During a press conference in November, Police Commissioner Daniel Derrenda of Buffalo, N.Y., announced that his department had “started a program where … we’re cross-referencing all the pistol permit holders with the death records … and … sending people out to collect the guns whenever possible.” He seemed haunted by the idea of handguns unattached to living licensees and spoke of them almost as if they were unsupervised, easily corruptible orphans: “At times, they lay out there, and the family is not aware of them … and they end up … just out on the street.”
The plan rightly enraged many as being overbearing. Fortunately, in the weeks since the announcement was made, we haven’t heard of any grieving survivors whose doors have been kicked down by police looking for their departed loved ones’ handguns.

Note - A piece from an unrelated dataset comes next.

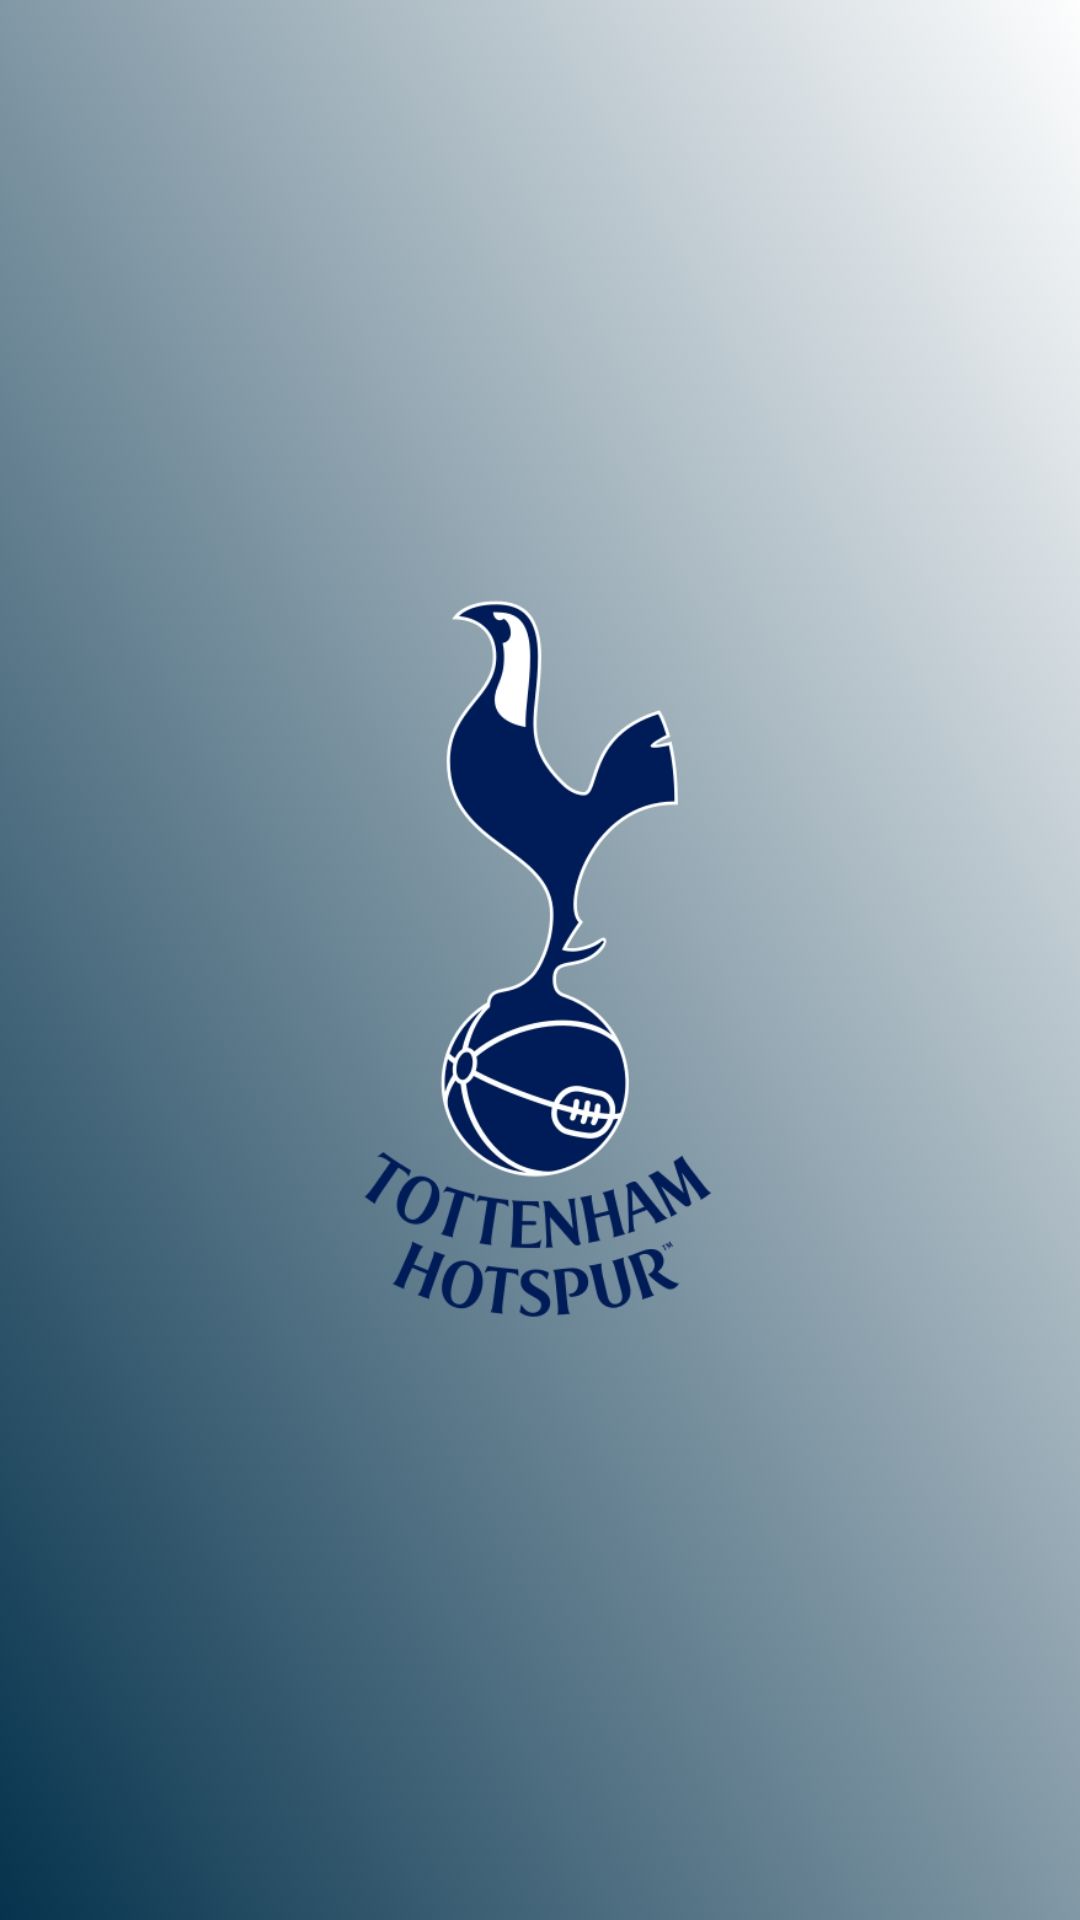 Tottenham Hotspur. Tottenham hotspur wallpaper, Tottenham wallpaper, Tottenham hotspur

Whatever the Buffalo PD may have in mind with this particular operation, it illustrates what can happen when the most basic and well-established of Second Amendment-protected rights—having a handgun in the home for self-protection—is subject to licensing and registration. While questions remain about if and how the plan will proceed, Commissioner Derrenda’s comments illustrate some of the assumptions that underlie the licensing and registration of firearms. All of them are incompatible with the idea of the Second Amendment as protecting a fundamental individual right that, as theHeller court wrote, “necessarily takes certain policy choices off the table.”

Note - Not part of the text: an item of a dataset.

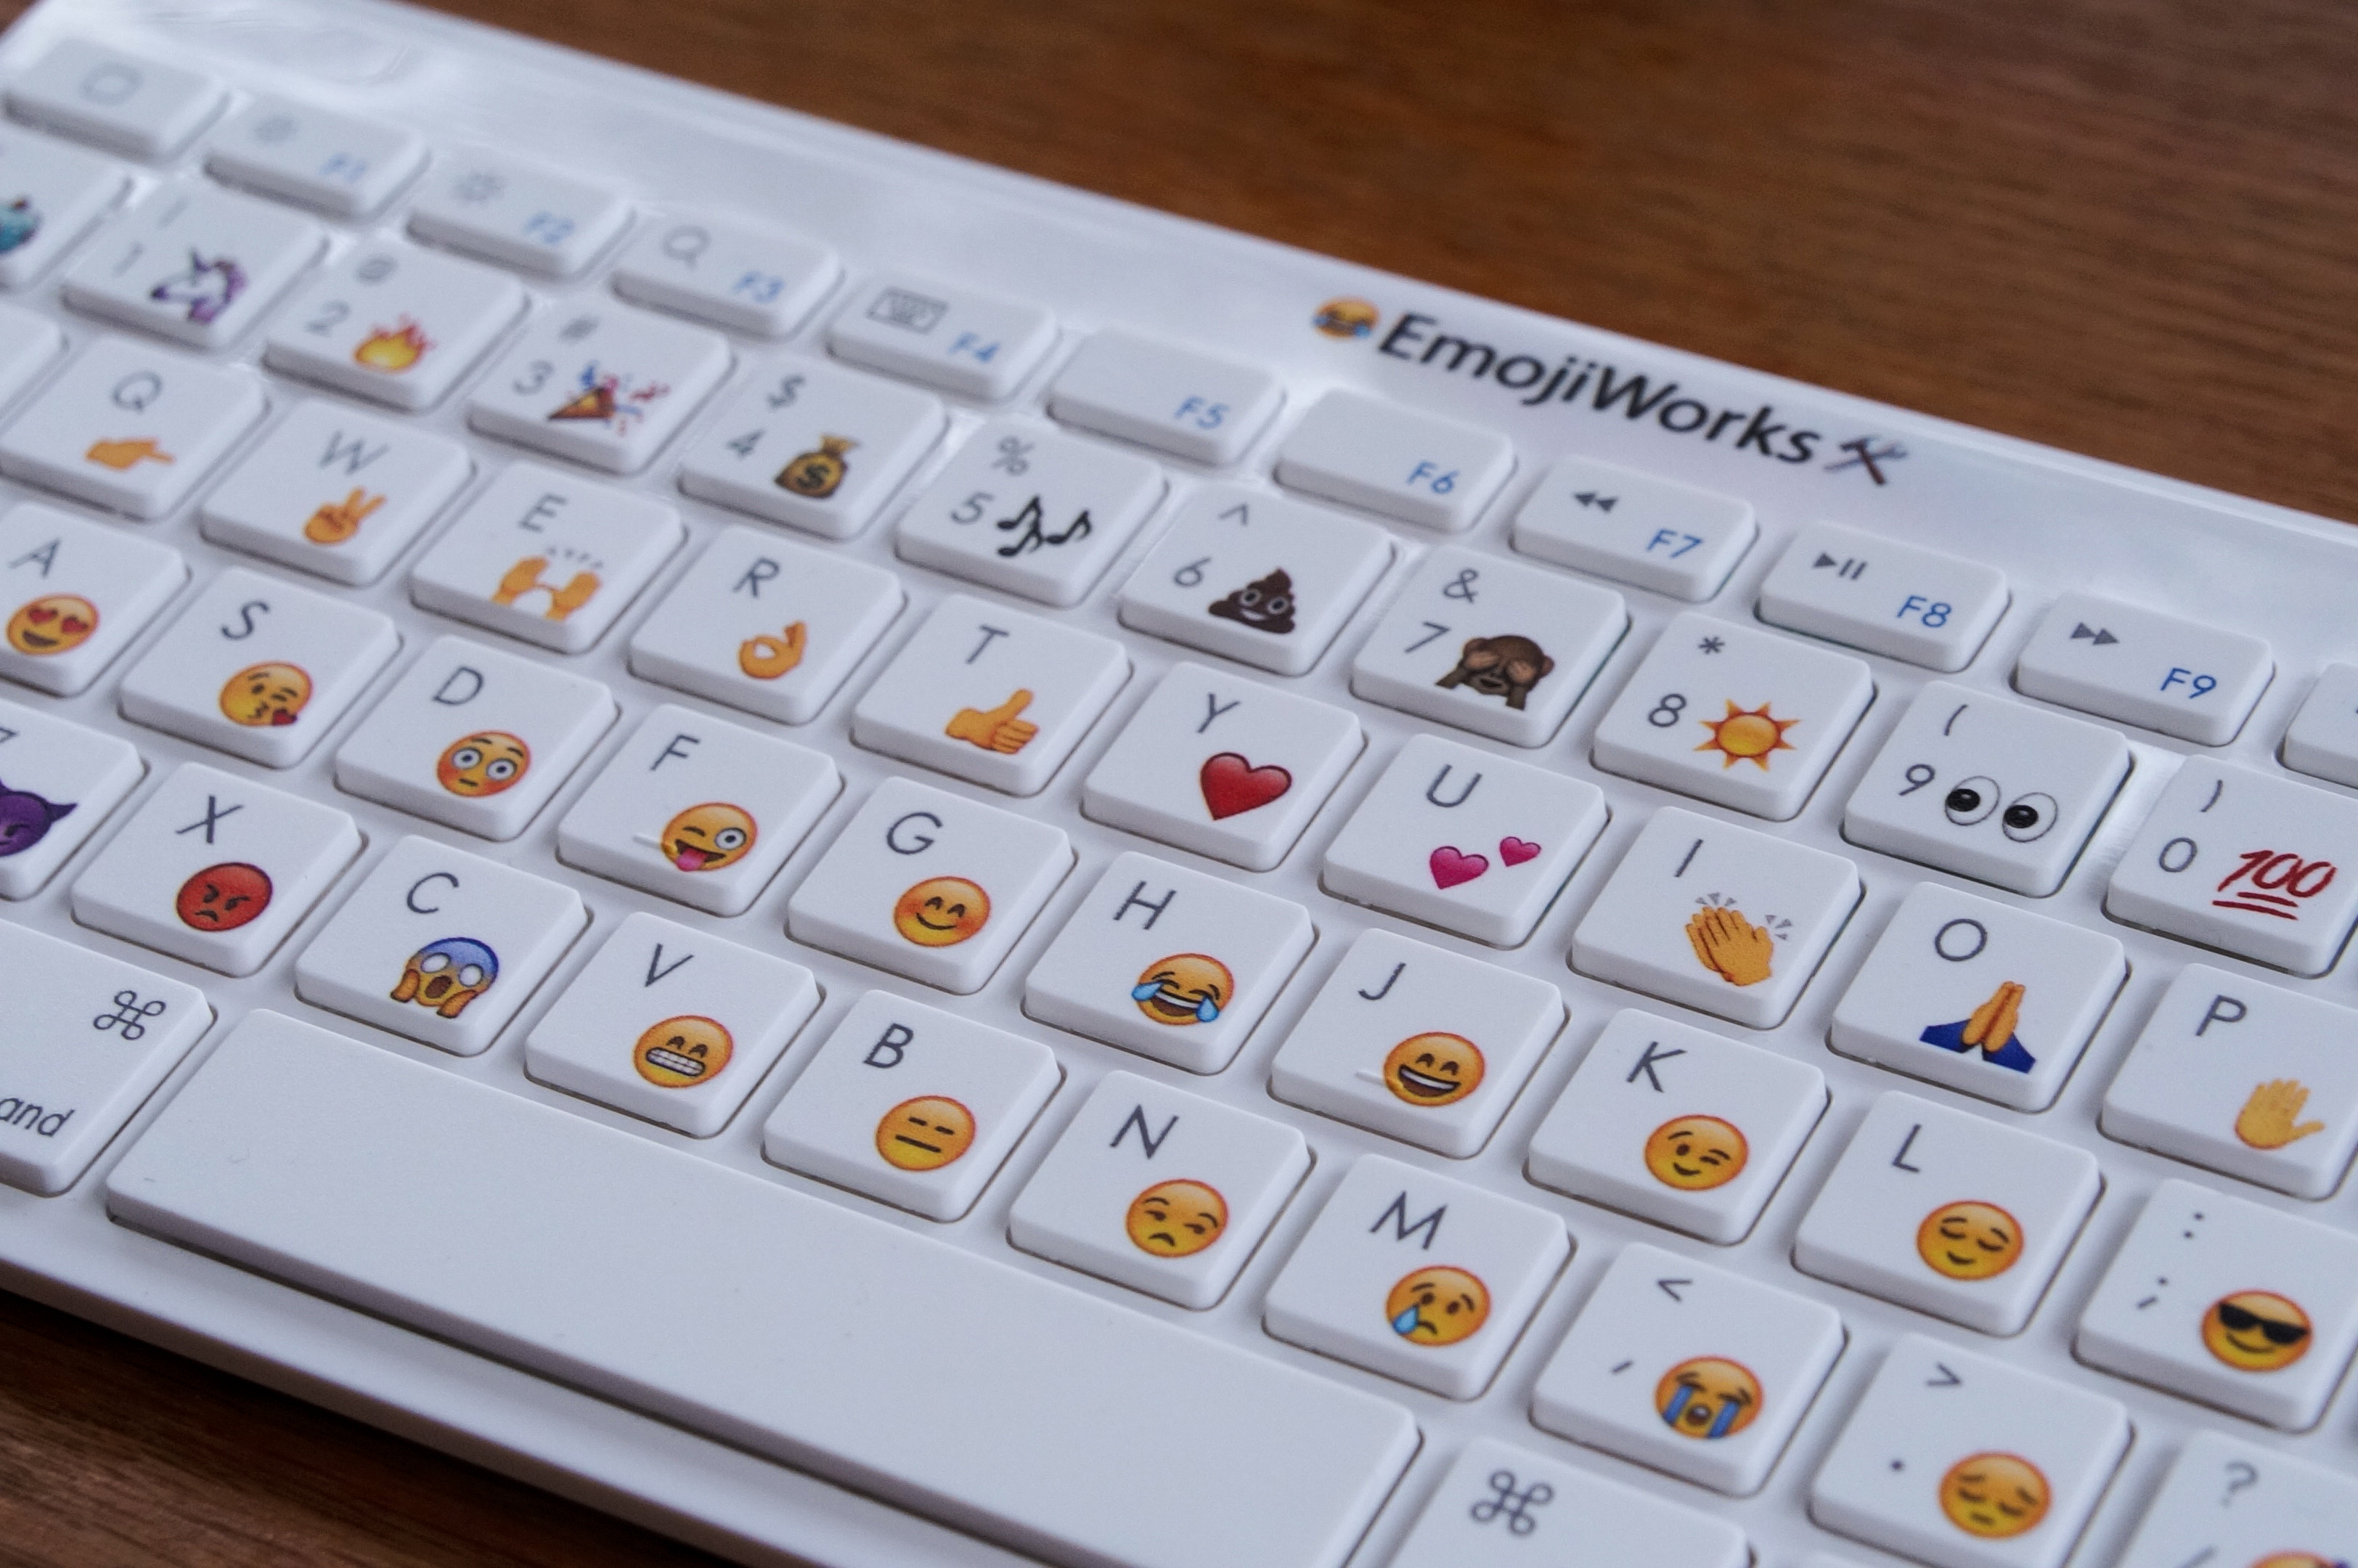 emoji keyboard angle close up.0.0

Before Heller, New York courts justified the state’s strict gun control laws by denying that the Second Amendment protected any sort of individual right. For example, a 2004 opinion by a three-judge panel of the Second Circuit that included Sonia Sotomayor—later nominated by President Obama to the U.S. Supreme Court—dismissed the appellant’s Second Amendment claim in a footnote. According to the appellant, merely being seen with a handgun could not be considered automatic evidence of criminality, and New York law to the contrary violated the Second Amendment. The court cited earlier Second Circuit precedent that stated, “The right to possess a gun is clearly not a fundamental right.” Of course, that precedent has been since been overruled by Heller and McDonald. Yet much of New York’s gun control regime has not only survived those decisions; rather, it has become even stricter in recent years.
Legal possession of a handgun in New York, even in one’s own home, requires a license. An applicant must demonstrate “good moral character” to the issuing official. Assuming that condition is met, the license can still be denied for “good cause,” whatever that might mean to the person who issues the license. New York courts have repeatedly ruled that these provisions give licensing officers discretion to expand upon the statutorily enumerated disqualifiers, even after Heller and McDonald.

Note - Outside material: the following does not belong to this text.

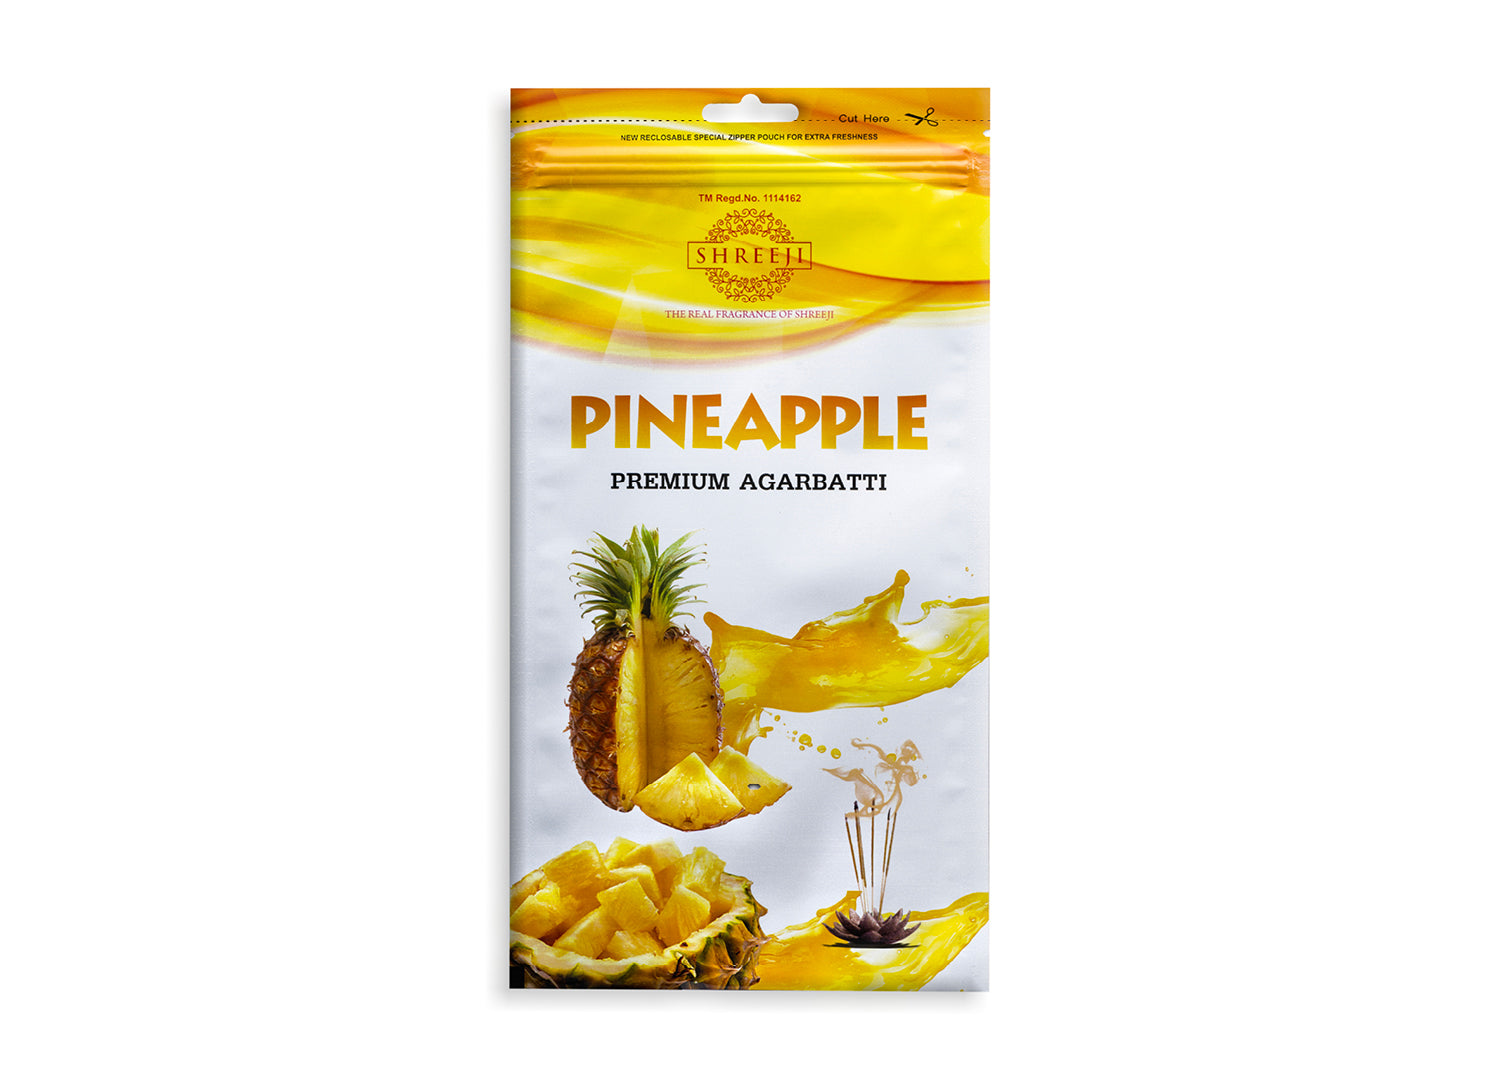  Pineapple Agarbatti

Incredibly, a 2011 case from the Appellate Division of the New York Supreme Court, decided nearly a year after the U.S. Supreme Court in McDonald ruled that possession of a handgun is a fundamental right, stated, “Possession of a handgun license is a privilege, not a right. …” As such, in New York, “it is subject to the broad discretion of the Police Commissioner.” Thus, for example, while certain misdemeanor convictions are automatic disqualifiers, a person can also be denied merely for having been accused of a crime, even if the complaint was ultimately dismissed or resolved in that person’s favor. So much for being innocent until proven guilty.
The U.S. Supreme Court’s clear decision that possessing a handgun is a fundamental right the state must respect, rather than merely a reward for what a local bureaucrat considers good behavior, is being massively resisted by the state of New York. It completely defies Heller’s pronouncement that the “very enumeration of the right takes out of the hands of government … the power to decide on a case-by-case basis whether the right is really worth insisting upon.”
No wonder, then, that Commissioner Derrenda presumes that any possession of a handgun that has not first received some official blessing is a problem to be solved, not the innocent exercise of an inalienable right. Those who insist that the exercise of rights can proceed only by permission—like the advocates of universal background checks—do so on the same basic assumptions. Where such measures are the law of the land, “collection” activities like the one announced in Buffalo should come as no surprise.